Bild: Wenn auch hin und wieder leichte Artefakte wie Flimmern auf perforierten Stahlwänden (links, 00:05:19) auftreten, so bietet sich doch ein im Detail sehr klares Bild. Die Schärfewerte liegen hoch, wenn auch ab und zu ein wenig mehr Tiefenschärfe vorhanden sein könnte (Security hinten, 00:07:29). Die Farben wurden bewusst kühl gehalten. In Außenszenen aber bietet sich die gesamte Palette der Natur, von warmen über strahlende bis hin zu pastellfarbenen Farbstimmungen. Die visuellen Effekte bleiben frei von Fehlern und bieten atemberaubende Klarheit. Dabei könnten sich insgesamt aber die Kontraste etwas vielfältiger aufgelöst zeigen (Personen im Gang, 00:29:48), auch wenn Überbelichtungen (Zeltdach, 00:57:25) meist bewusst angelegter Natur sind.

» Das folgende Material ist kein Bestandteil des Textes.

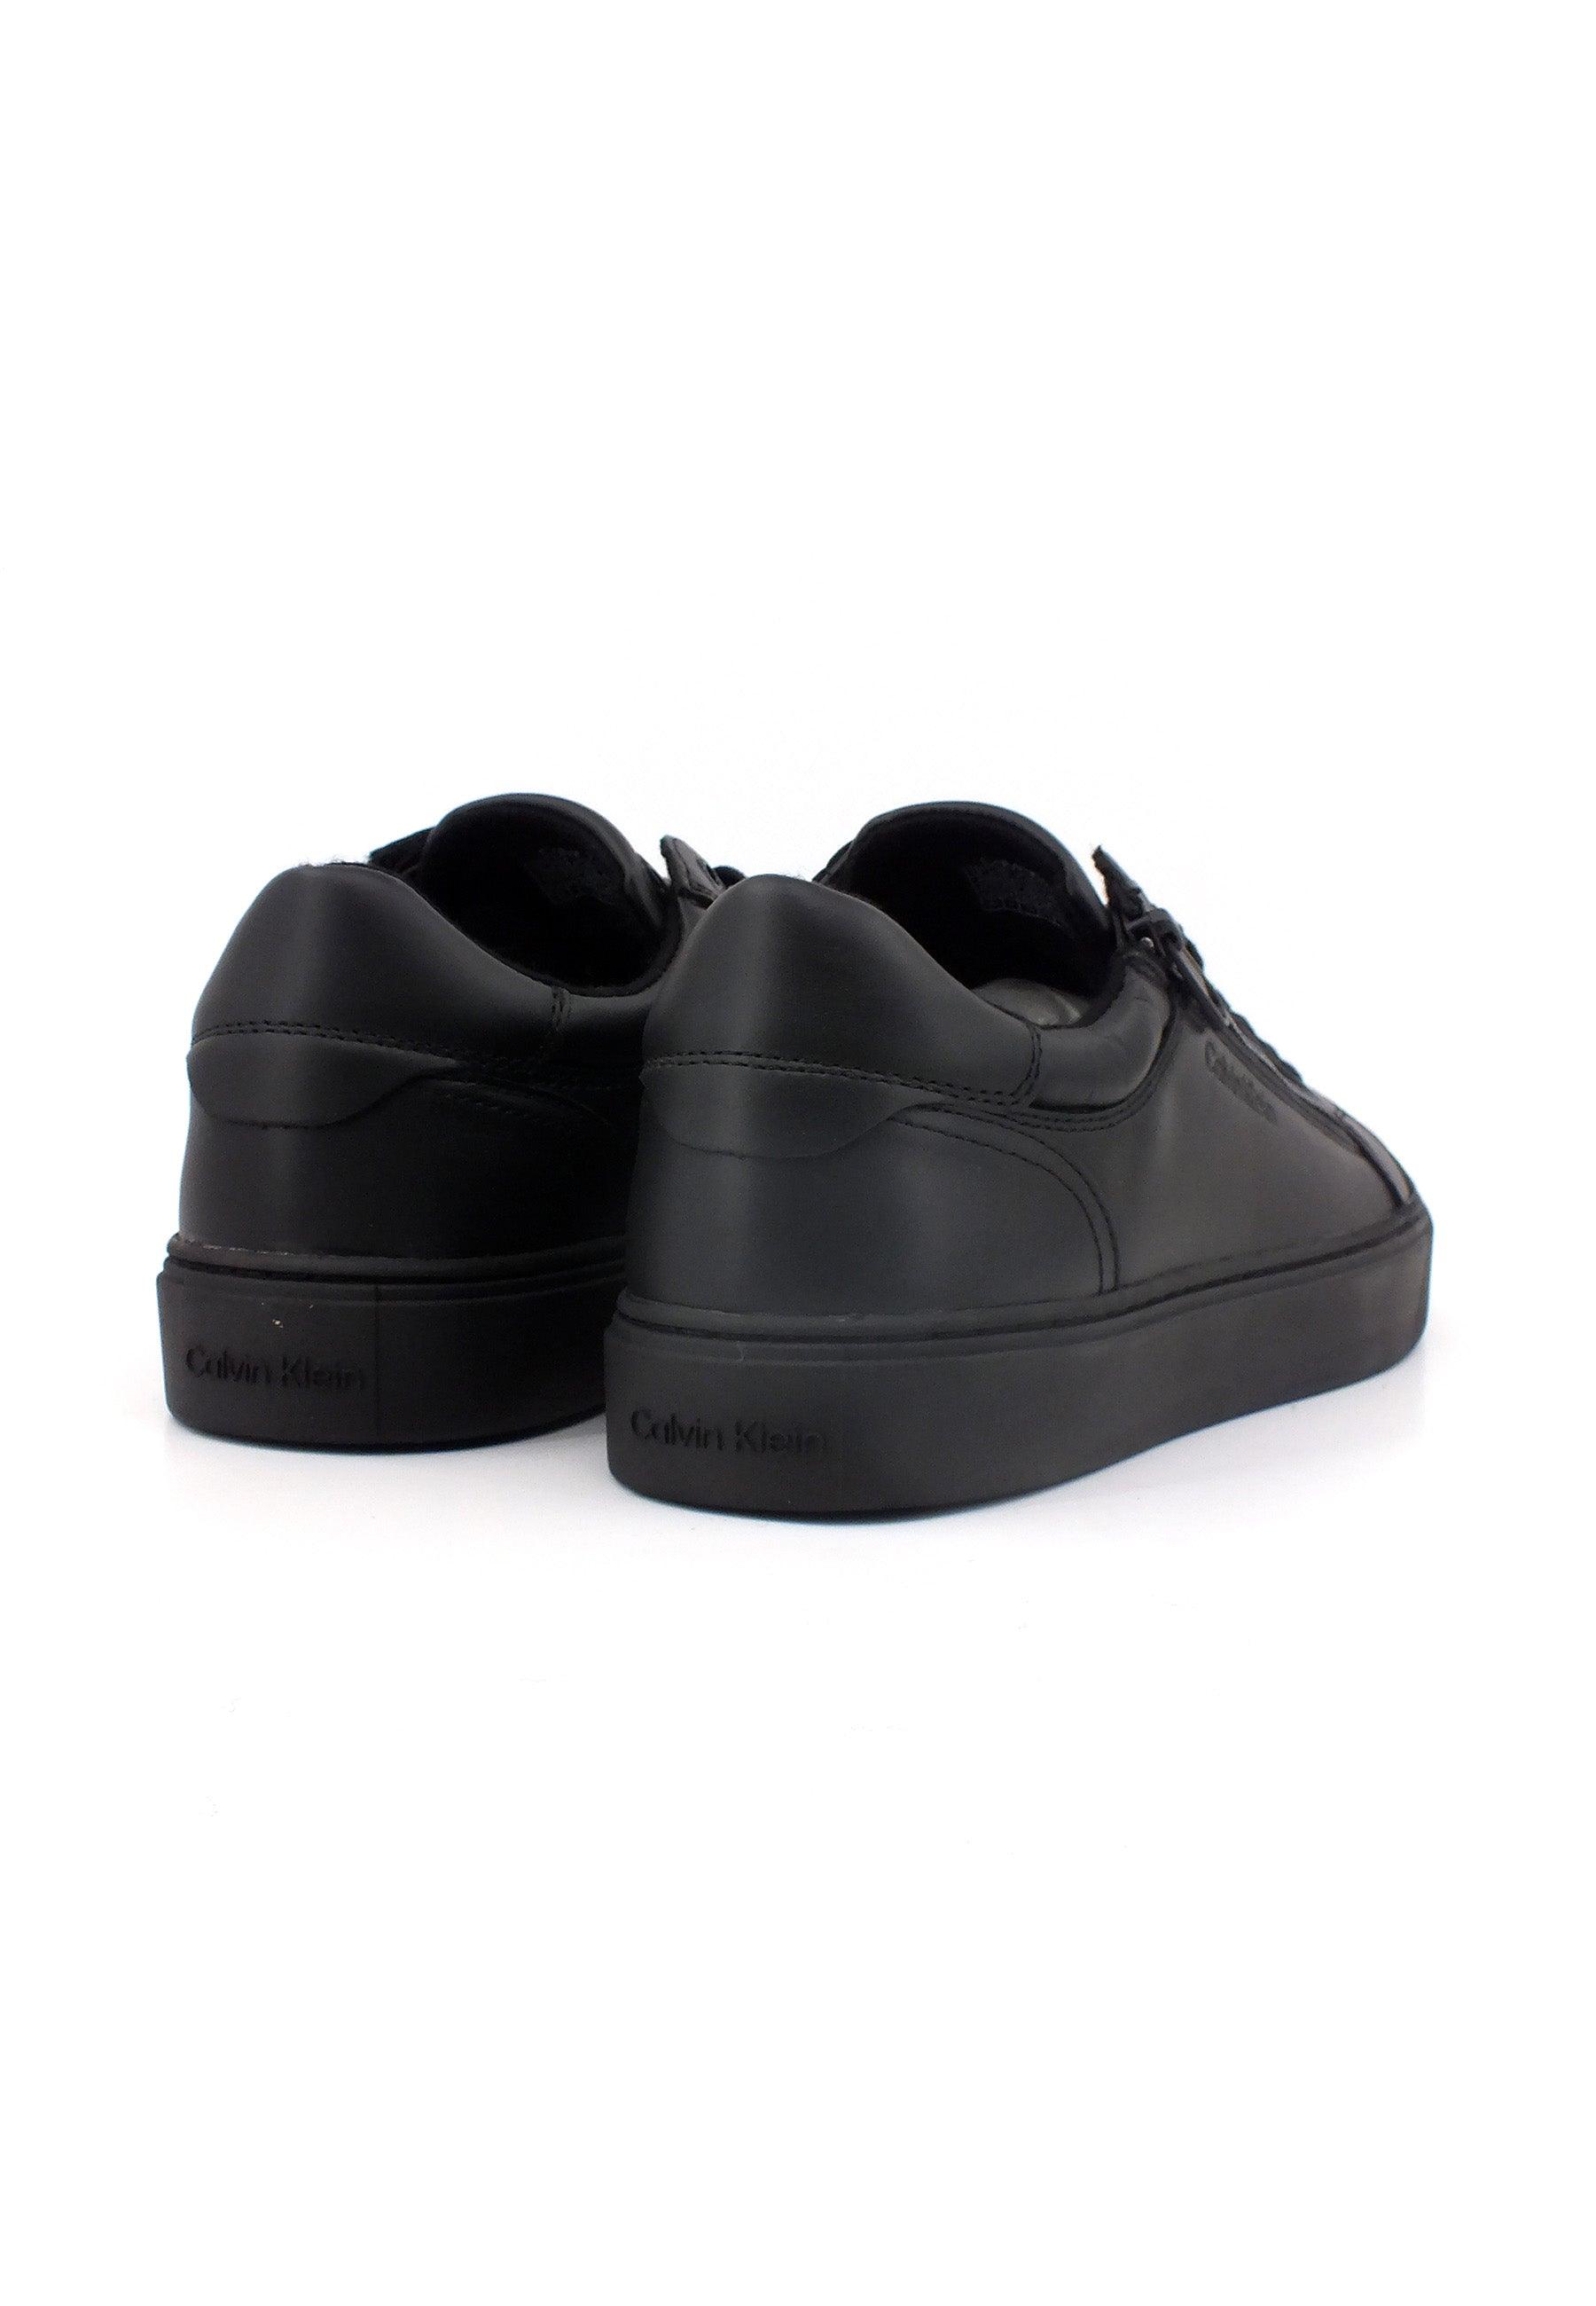 CALVIN KLEIN Sneaker Uomo Triple Black HM0HM01268 - Sandrini Calzature e Abbigliamento

Ton: Akustisch ist das Original ein wenig kräftiger und durch die Originalstimmen mit mehr Lebendigkeit ausgestattet. Effekte durchsetzen aber auch in der deutschen Version eindrucksvoll den Raum. Der Subwoofer dröhnt bemerkenswert sonor (Raumschiff, 00:01:06) und lässt Tassen im Regal erzittern. Insgesamt können in dieser Hinsicht beide Tonspuren mehr als überzeugen. Dynamiken ziehen vital durch alle Boxen und hinterlassen das Gefühl, als würde der Zuschauer selbst mitfliegen. Praktisch zu keinem Zeitpunkt fehlen interessante Details in der Kulisse oder berauschende Effekte (Türöffnung, 00:04:17). Alle Kanäle könnten sich kaum besser ausgefüllt sehen.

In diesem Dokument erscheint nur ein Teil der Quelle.